Is the County planning to conduct a government sponsored debris removal program for the remainder of the debris?
No. The Federal government is not offering the assistance that was offered in 2017. Unlike in 2017, all property owners are responsible for cleaning debris from their properties following Household Hazardous Waste removal, through an approved Debris Removal Application.
No. On November 1, 2019, the Sonoma County Health Officer Dr. Celeste Philip issued an order advising community members to refrain from entering the burn footprint without personal protective equipment, and to not begin clean-up activities until authorized by the Department of Health Services, Environmental Health. Hazardous debris after a wildfire can expose residents to toxic materials, and improper transport and disposal of fire debris can create dangerous health impacts throughout the community.
If the property owner, or their insurance company, needs to remove a vehicle they can do so after Household Hazardous Waste removal has been completed on their property. Extreme caution should be taken to not disturb the ash footprint. Vehicles must be disposed of in accordance with state and local requirements (e.g. county abatement process and at an appropriate landfill).
The Northern Engineering Contractors Association (call (707) 546-5500) can provide you a list of contractors that can assist in developing your debris removal plan, including soil assessment and testing.
Because soils in Sonoma County have naturally occurring levels of asbestos and other chemicals, it is important to identify what elements were previously existing on your soil before the fire, such that the property can be brought back to native conditions.

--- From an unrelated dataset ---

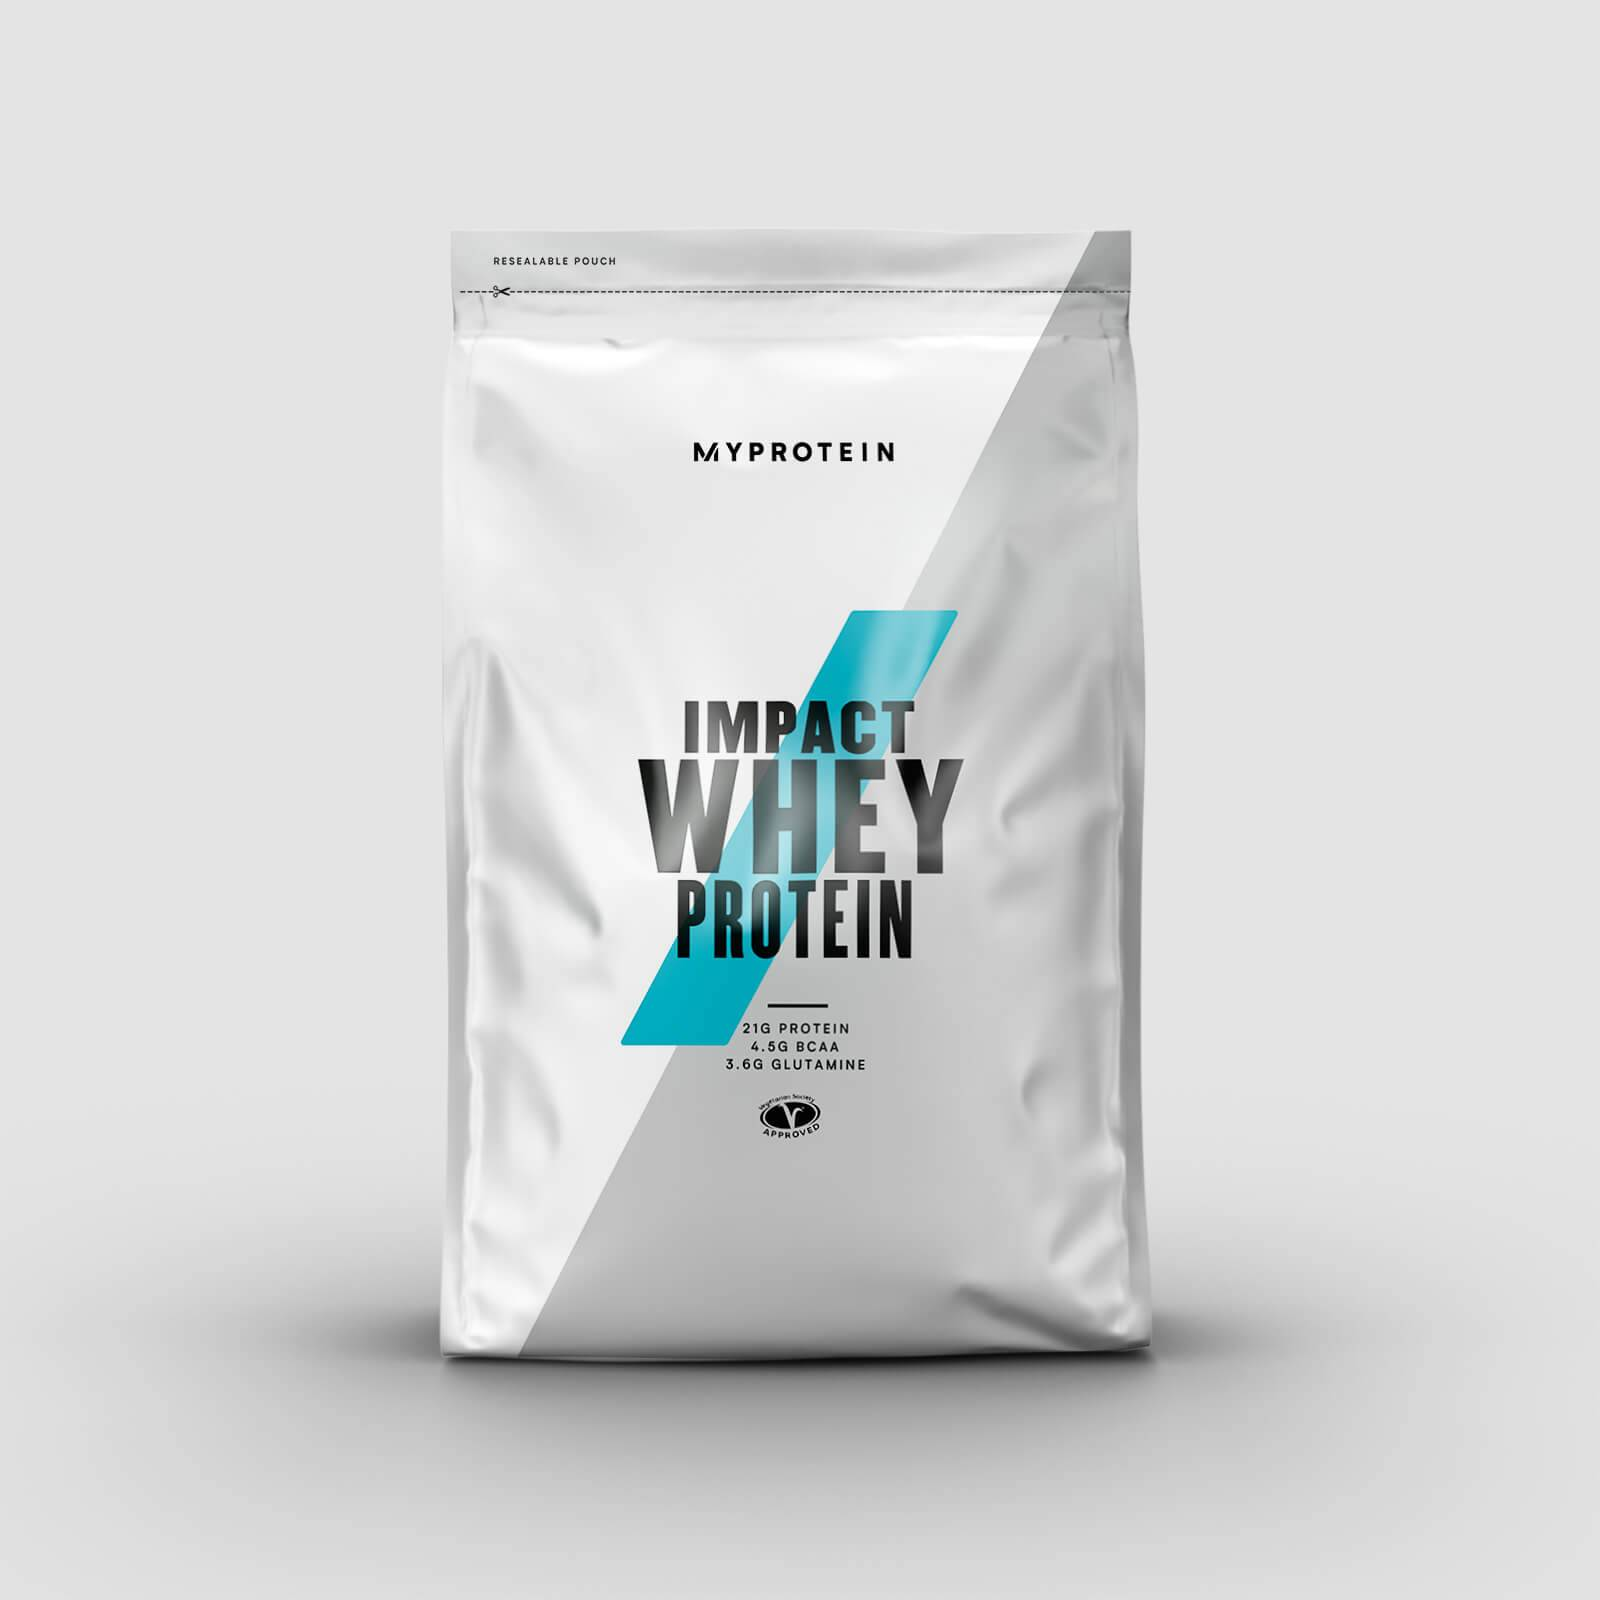 Myprotein Impact Whey Protein - 2.5kg - Chocolat-Noix de Coco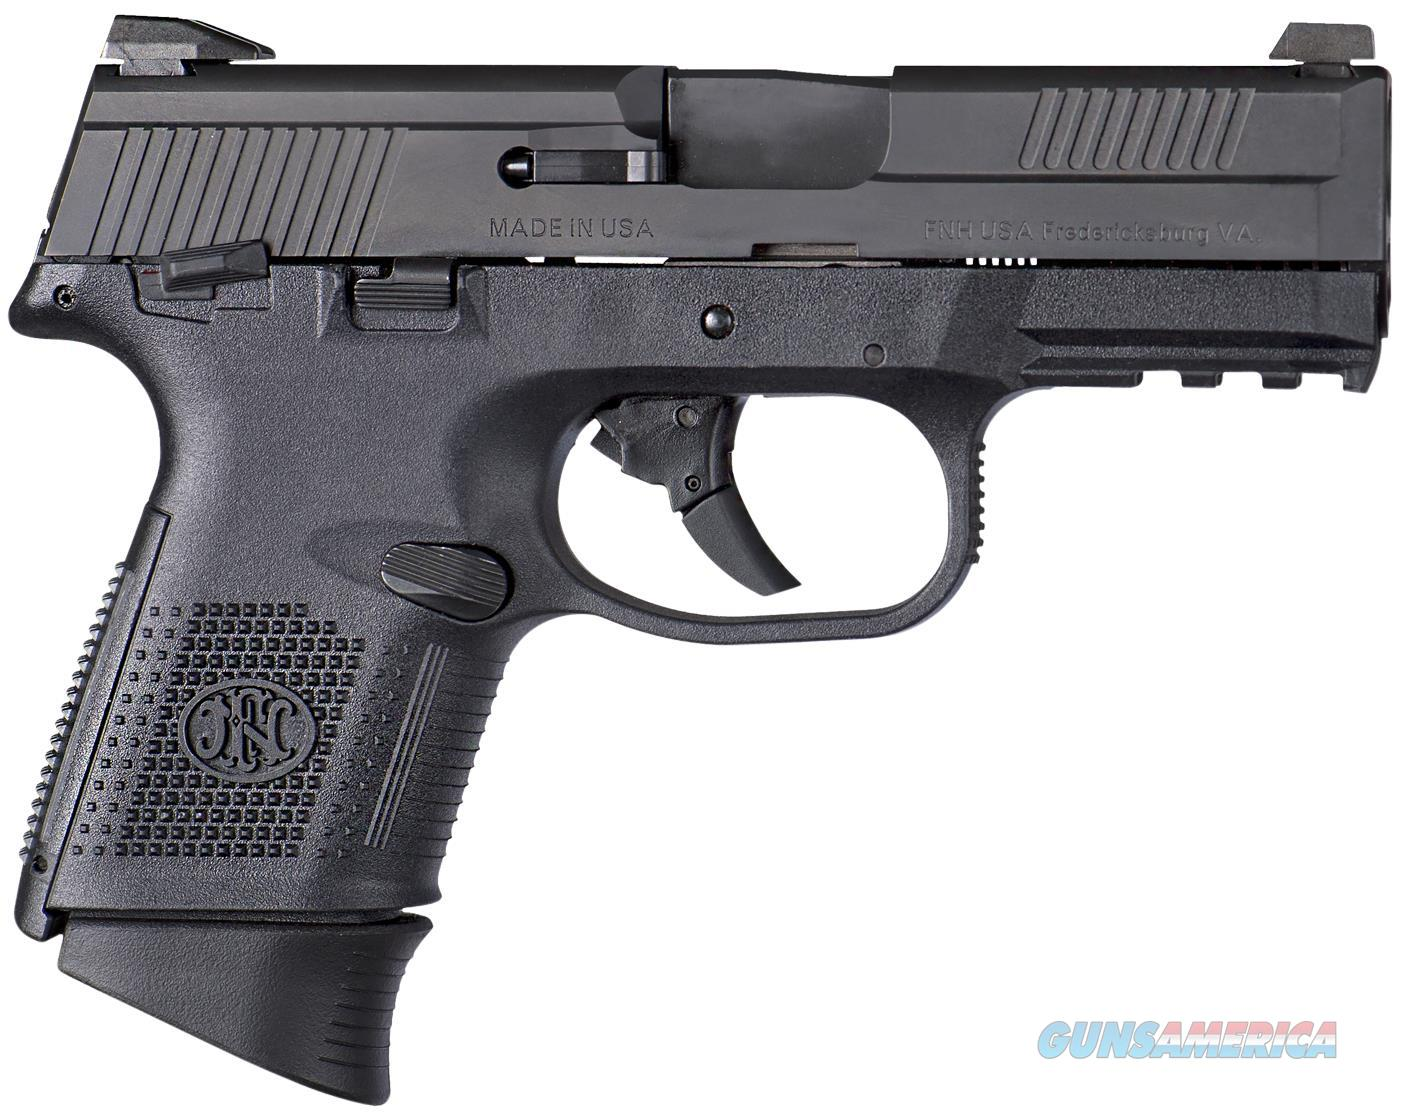 "Fn 66780 Fns 40 Compact Dbl 40 S&W 3.6"" 14+1 Polymer Grip Black 66780  Guns > Pistols > F Misc Pistols"

Guidelines, requirements and procedures to perform this work are included within the Sonoma County Department of Health Services Environmental Health document “Management of Sonoma County Wildfire Debris”. Generally, this work consists of collecting baseline and confirmation samples under the responsible charge of a licensed geologist or engineer and having the soil analyzed at an analytical laboratory.
If your property is near a burned structure, but was not damaged please call your insurance company to follow up on what if any assessment you may need to take. You may also wish to consult a certified industrial hygienist to ensure your property is safe. To find a local certified industrial hygienist, please contact the American Board of Industrial Hygiene and select the Find a CIH near you button.